Second, the envelope lives outside message.content, not inside it. That placement is meaningful: the contents of message.content are what gets sent back to the model. The envelope is metadata for the harness and any parser that comes later. The model never sees toolUseResult; you do.
What’s in it depends on the tool. The full union of observed keys is in data-dictionary.md; a few representative subsets:
-
Agent—agentId,agentType,prompt,totalDurationMs,totalTokens,totalToolUseCount,toolStats. This is the surface that powers any per-subagent diagnostic. -
Bash—stdout,stderr,code,interrupted,durationMs. Enough to characterize most command outcomes without parsingstdout. -
Edit—filePath,oldString,newString,replaceAll,structuredPatch,userModified. The diff is instructuredPatch; security-review tooling lives off that field. -
Read— often minimal or absent. The actionable content is intool_result.content;Readdoesn’t need a separate envelope.
If you’re building anything that analyzes sessions — tool-usage patterns, subagent cost rollups, edit audits — toolUseResult is where most of the high-information signal lives. reference/tool-invocation.md breaks the envelope out per tool with the per-key semantics.
The “skipped” types — and why some of them aren’t
Beyond user and assistant, a session JSONL carries several other top-level types. Most parsers drop all of them. Some you can safely ignore. One in particular you can’t — not if you want to understand what /rewind is doing.
file-history-snapshot
This is the type that powers /rewind’s “restore code” capability. It’s not metadata. It’s the actual data structure that lets Claude Code put your files back the way they were.
The top-level shape:
{
"type": "file-history-snapshot",
"messageId": "<some-message-uuid>",
"isSnapshotUpdate": false,
"snapshot": {
"messageId": "...",
"timestamp": "...",
"trackedFileBackups": {
"/abs/path/to/file.py": "<file contents before the edit>",
"...": "..."
}
}
}
The trackedFileBackups map is keyed by absolute file path; the values are the file’s contents before each Claude-tool edit. When you run /rewind and choose to restore code, Claude Code reads these entries in reverse chronological order and writes the prior contents back to disk.
Part 1 inferred this connection from the docs (rewind persists across sessions and is cleaned up with sessions, therefore it has to live in the session files). Reading the JSONL confirms it directly: every Claude-tool edit produces a snapshot entry. If you want to audit which files Claude edited and when — or reproduce /rewind’s behavior in your own tools — these are the lines you read.
This type also has a property worth noting: the snapshots cover only files Claude edited via its file-editing tools. Bash-driven changes (rm, mv, cp) and your own external edits aren’t here. The snapshots are scoped to the tool surface that emits them.
system
Records internal Claude Code events: model switches mid-session, tool registry updates, harness-level state changes. Fields include subtype, durationMs, isMeta, and content.
You’d usually skip these. The exception is diagnostic work — debugging why a session behaved oddly, or correlating a sudden model change with a behavior shift.
permission-mode
A single-purpose line recording a permission-mode transition (e.g., from "default" to "acceptEdits" or "bypassPermissions"). Carries permissionMode, sessionId, and type.

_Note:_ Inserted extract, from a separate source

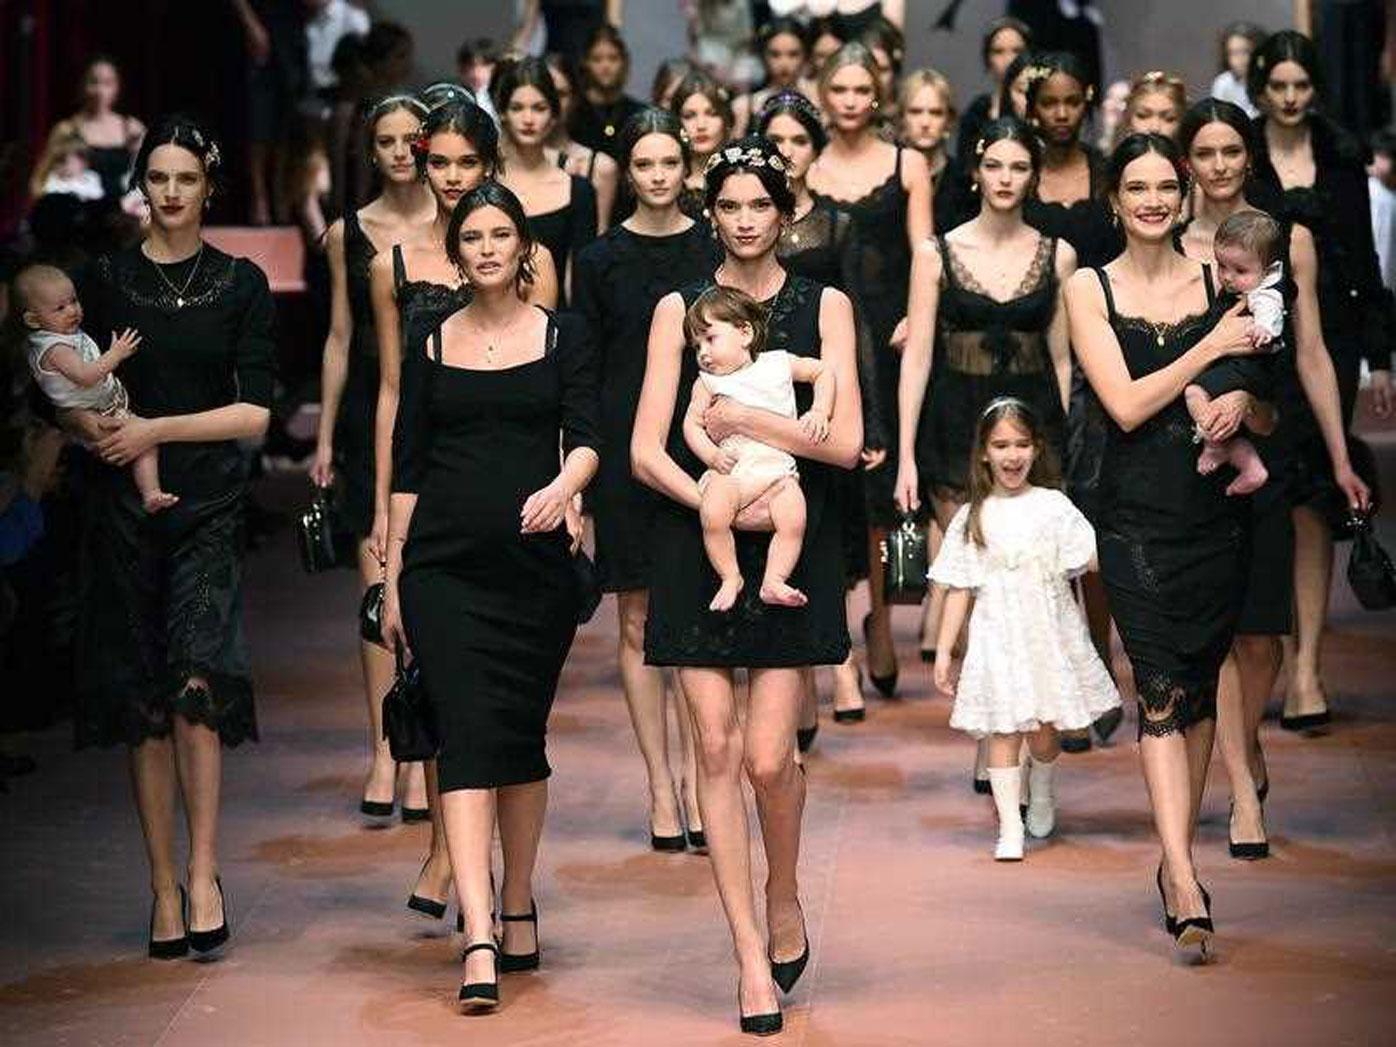 Dolce & Gabbana's 'Viva la Mamma' show
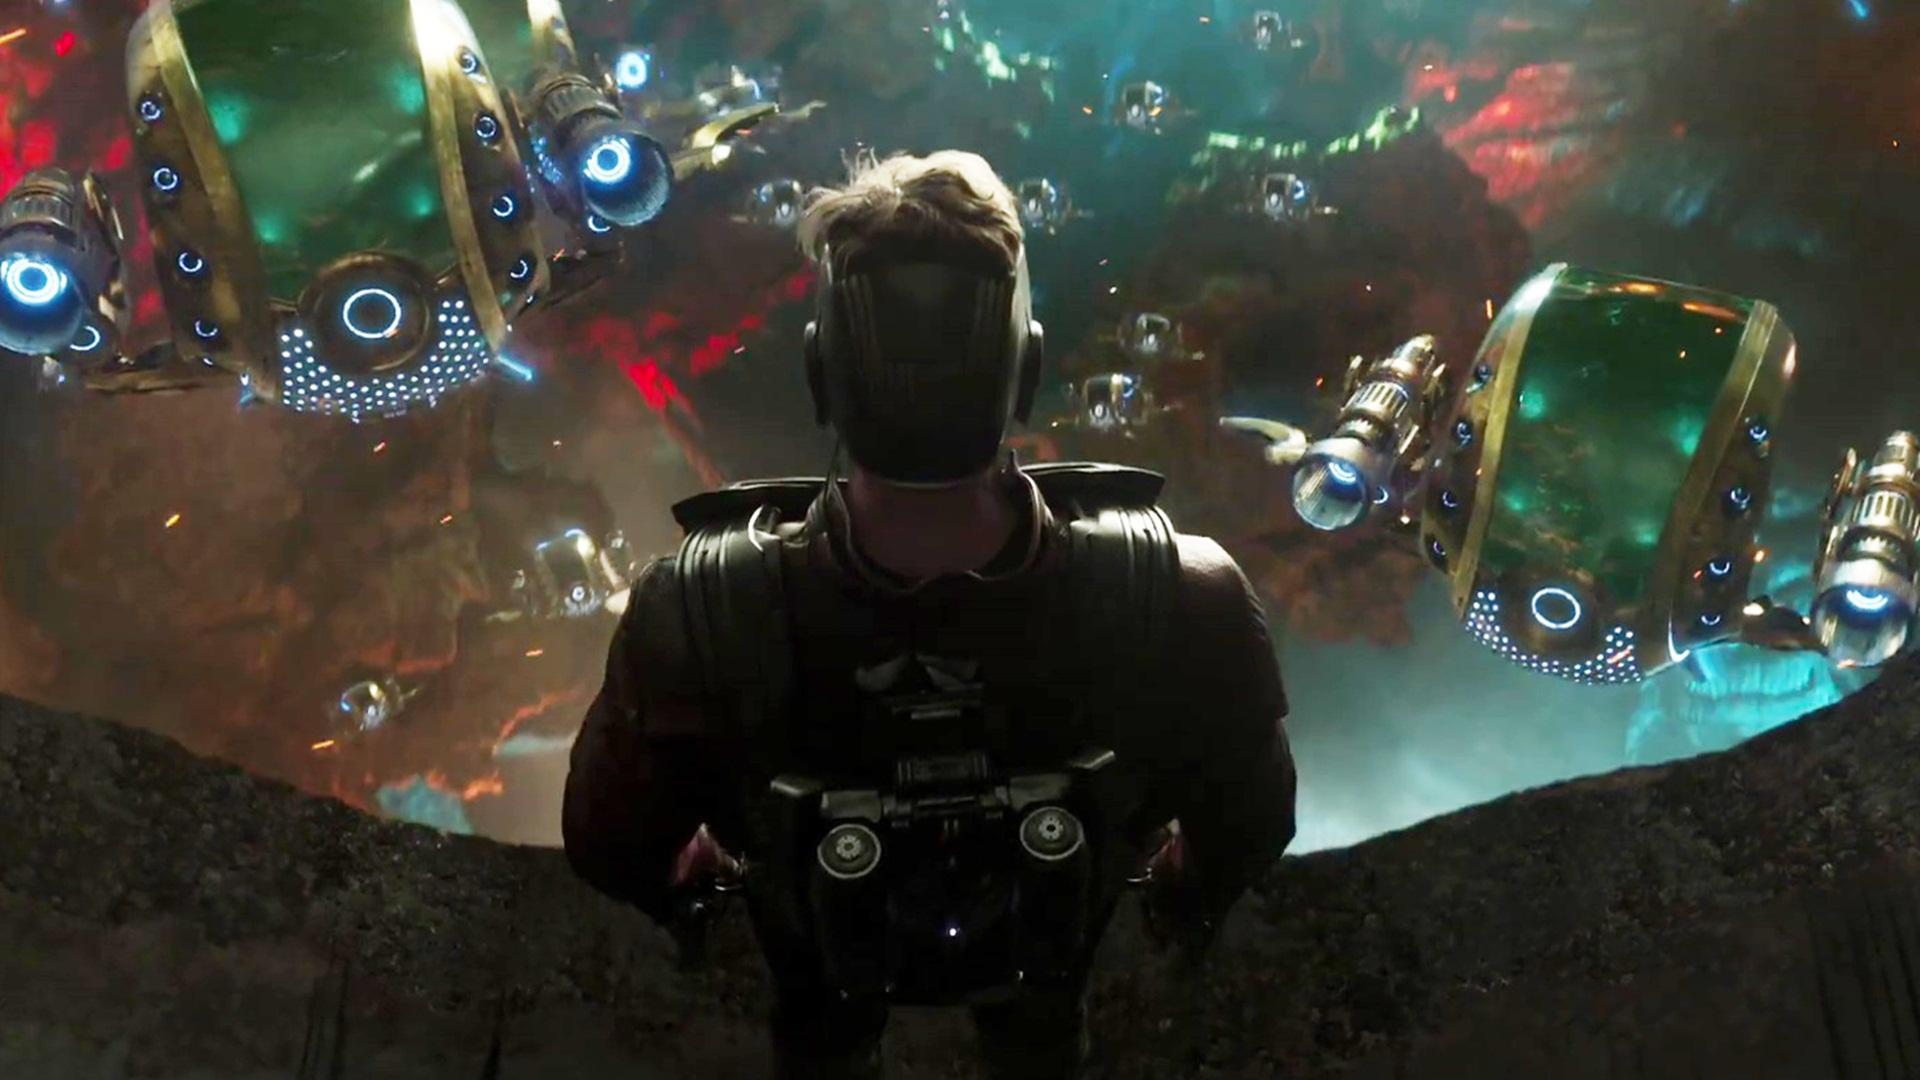 Guardians Of The Galaxy Vol 2 Chris Pratt As Star Lord 1920x1080

Useful for two things: auditing permission posture across a session, and correlating tool failures with the permission state at the time. Otherwise ignorable.
ai-title, last-prompt
Picker metadata. ai-title is the auto-generated session title you see when you run /resume. last-prompt is a pointer to the most recent user prompt — the picker uses it to render the preview line.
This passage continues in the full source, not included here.